Canada’s Patented Medicine Prices Review Board (PMPRB) should be completely dismantled. Its relevance has been greatly reduced by large-scale price negotiations and its utility has been largely superseded by modern pharmaceutical science. Yet one of the PMPRB’s most damaging effects is to enforce drug price controls, which is a topic that warrants a broader analysis and is the focus of this paper. This paper identifies – and debunks – 12 myths that circulate in support of drug price controls.
The first myth is at the root of most objections to pharmaceutical pricing: that a patient’s “right” to have access to new medications competes with the rights of the patent owner and needs to be accommodated in pharmaceutical policy. A patented medicine belongs to its owners and may be shared on the terms chosen by them. Patients are the market. If their right to pharmaceutical inventions superseded the rights of the inventor, the industry would collapse.
It is unreasonable to expect that all new drugs could be made available to all patients at a low price. Pharmaceutical inventions are complex, risky, and expensive, and entail enormous potential liabilities and regulatory compliance costs. Studies have estimated that drug manufacturers spend from US$350 million to up to US$900 million to bring a small-molecule medicine to market. For biologics, this number rises to US$2.6 billion. This is only the tip of the iceberg and does not include the costs of failed drugs, risk, and opportunity costs.

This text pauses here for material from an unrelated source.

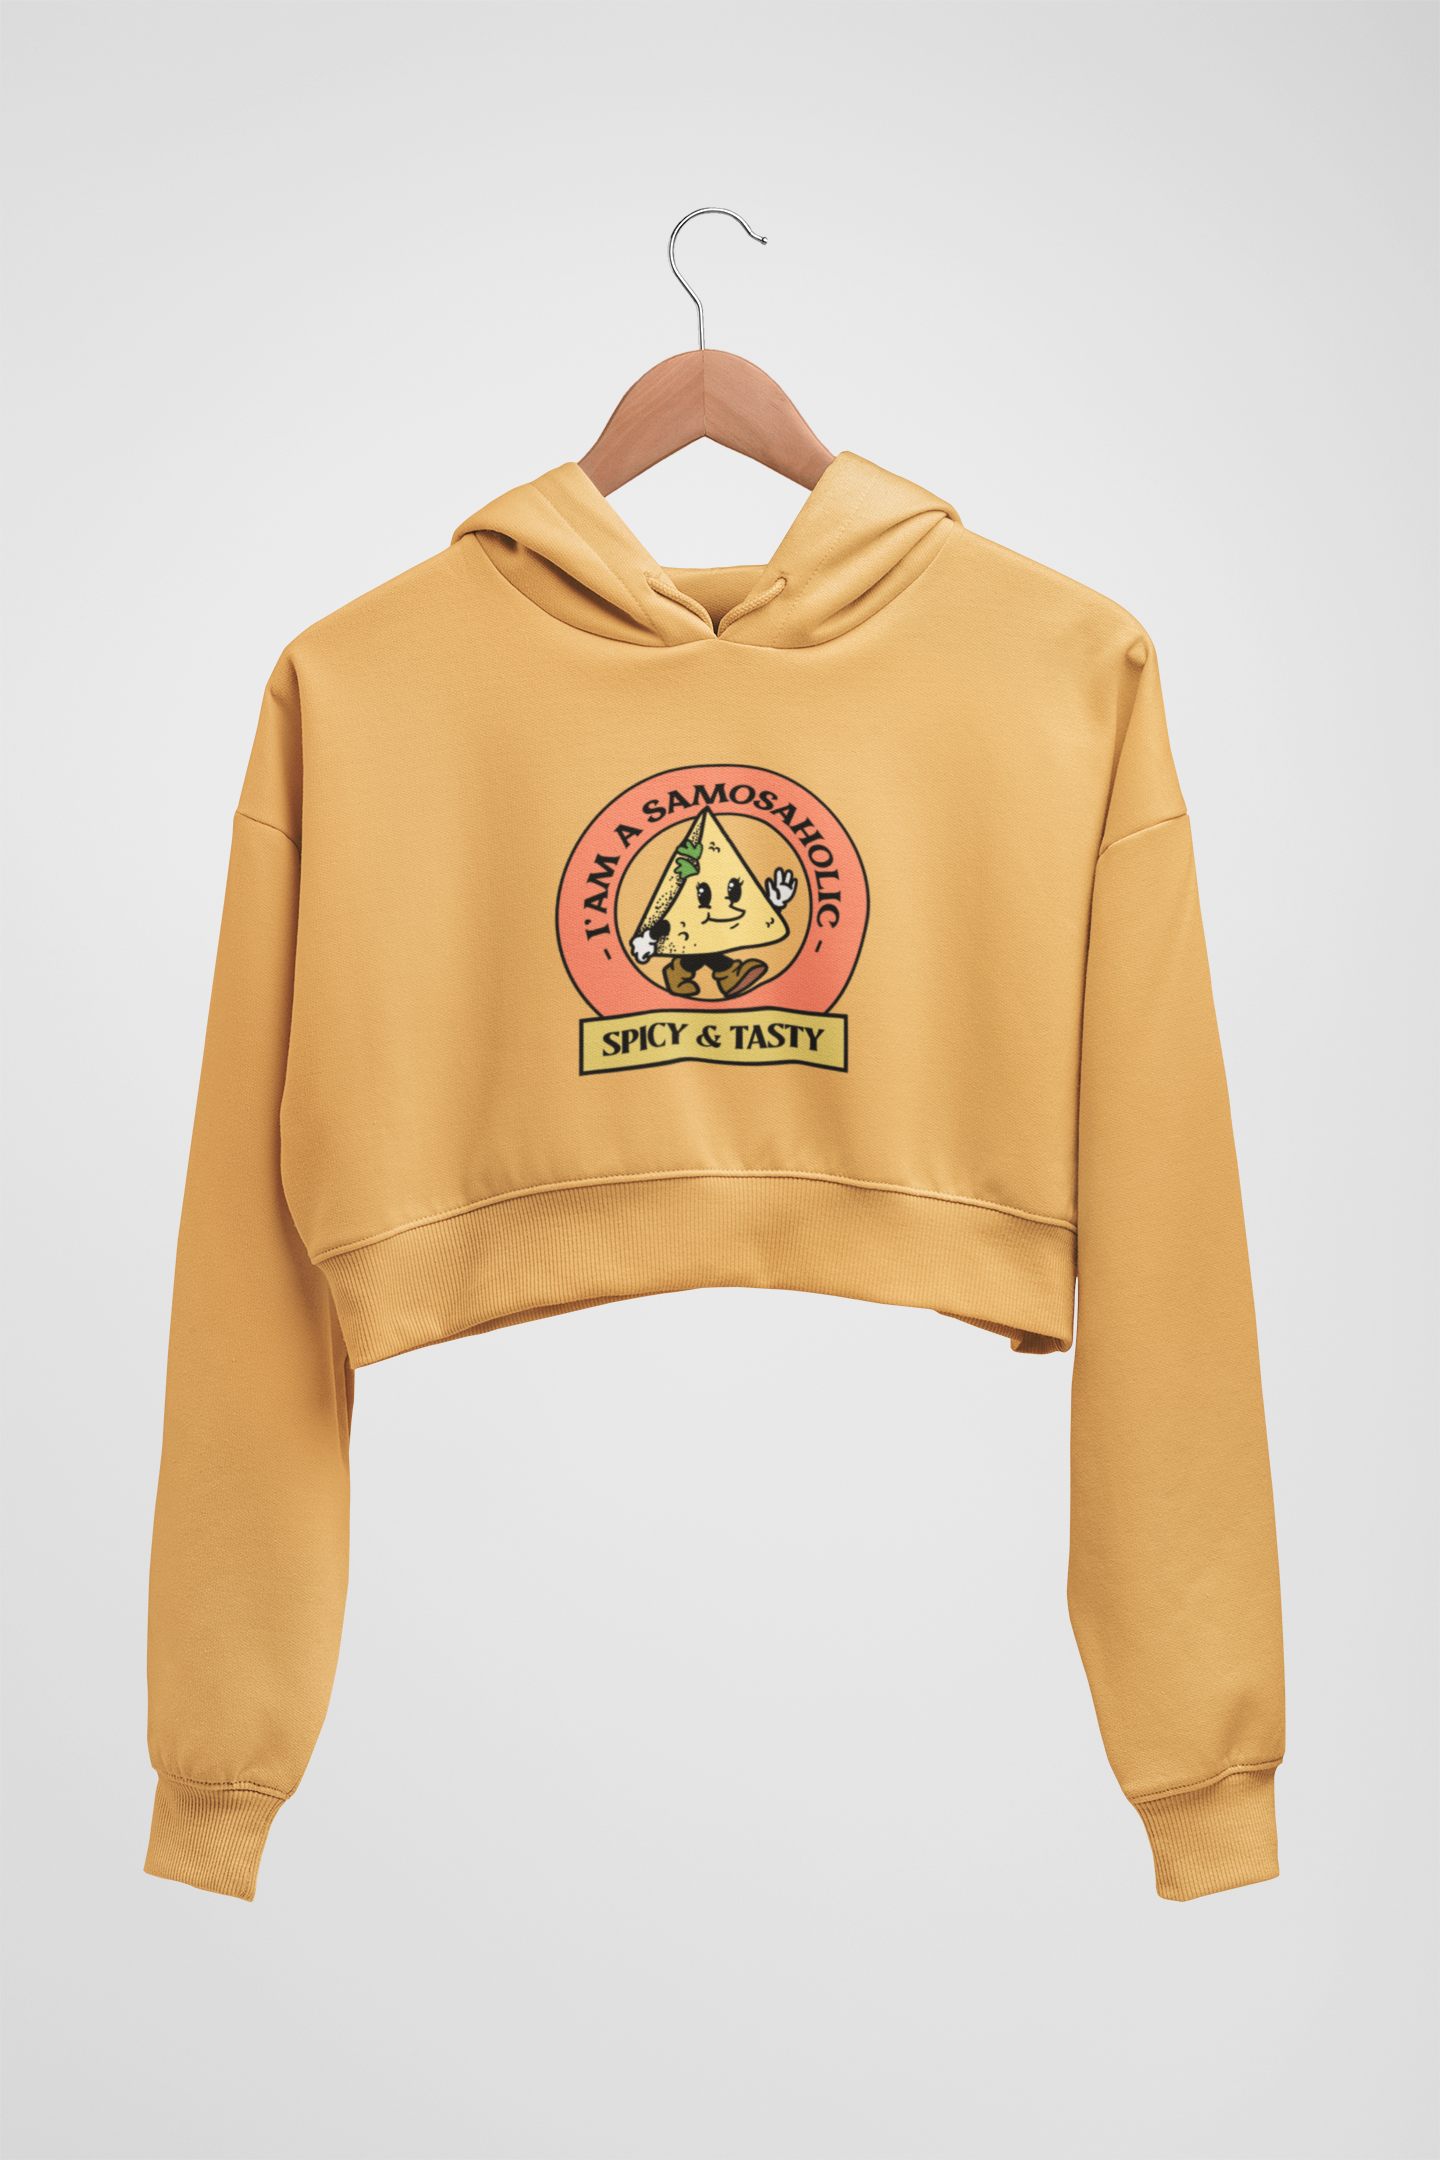 CROP HOODIES MUSTARD YELLOW x SPICY AND TASTY

Some observers allege that the pharmaceutical industry enjoys notoriously high-profit margins, particularly on patented drugs. Far from being too profitable, the pharmaceutical industry isn’t profitable enough. Its return on capital is much lower than for many other industries like information technology, automobile production and financial services. Its profits are modest for industry risk levels. It would be in everybody’s interest if the pharmaceutical industry were more profitable, because more valuable research would be funded.
Drug price controls delay or prevent access to drugs – and lead to fewer drugs being launched in that market. New medicines increase life expectancy as well as quality of life. The monetary gains can be calculated by the amount of money that is saved because of access to new drugs. According to Innovative Medicines Canada, in 2018 Canada saved $2.1 billion in costs to the health care system because of treatment through drug clinical trials. Such savings will be lost – and mortality costs will rise – if Canada’s regulatory process limits or causes undue delays in access to life-saving drugs.
Canada, and in fact all countries, freeload on US drug innovation. While the US produces 22 percent of global GDP (while accounting for only 4 percent of the global population), it accounts for 44 percent of global pharmaceutical R&D expenditure. Canada relies on the US to innovate since we do not, then insists that the US consumer subsidize our access to those innovations. We are shifting the costs that we should rightfully bear onto the backs of others. All countries – Canada included – should promote and help pay their fair share for pharmaceutical innovation.
Canada’s approach to pharmaceutical access has been driven more by mistake and cynicism than by compassion. It is not, after all, companies that hinder access by expecting to be paid for their services and the enormous risks they take. It is absurd to think that they should subsidize their own products. Compassion does not authorize us to steal from them in order to save our own money. Expropriation is simply a cheap, expedient way to keep one’s own pocketbook shut by dipping into someone else’s.
It is past time to open our eyes and accept not only the great benefits of modern pharmaceutical science, but the responsibilities and opportunities that come with meaningful collaboration within the international life sciences industrial ecosystem. Without PMPRB controls, we would have wider and quicker access to new treatments, and, over time, greater wealth from a more robust life sciences industry, stronger economy, and improved health outcomes.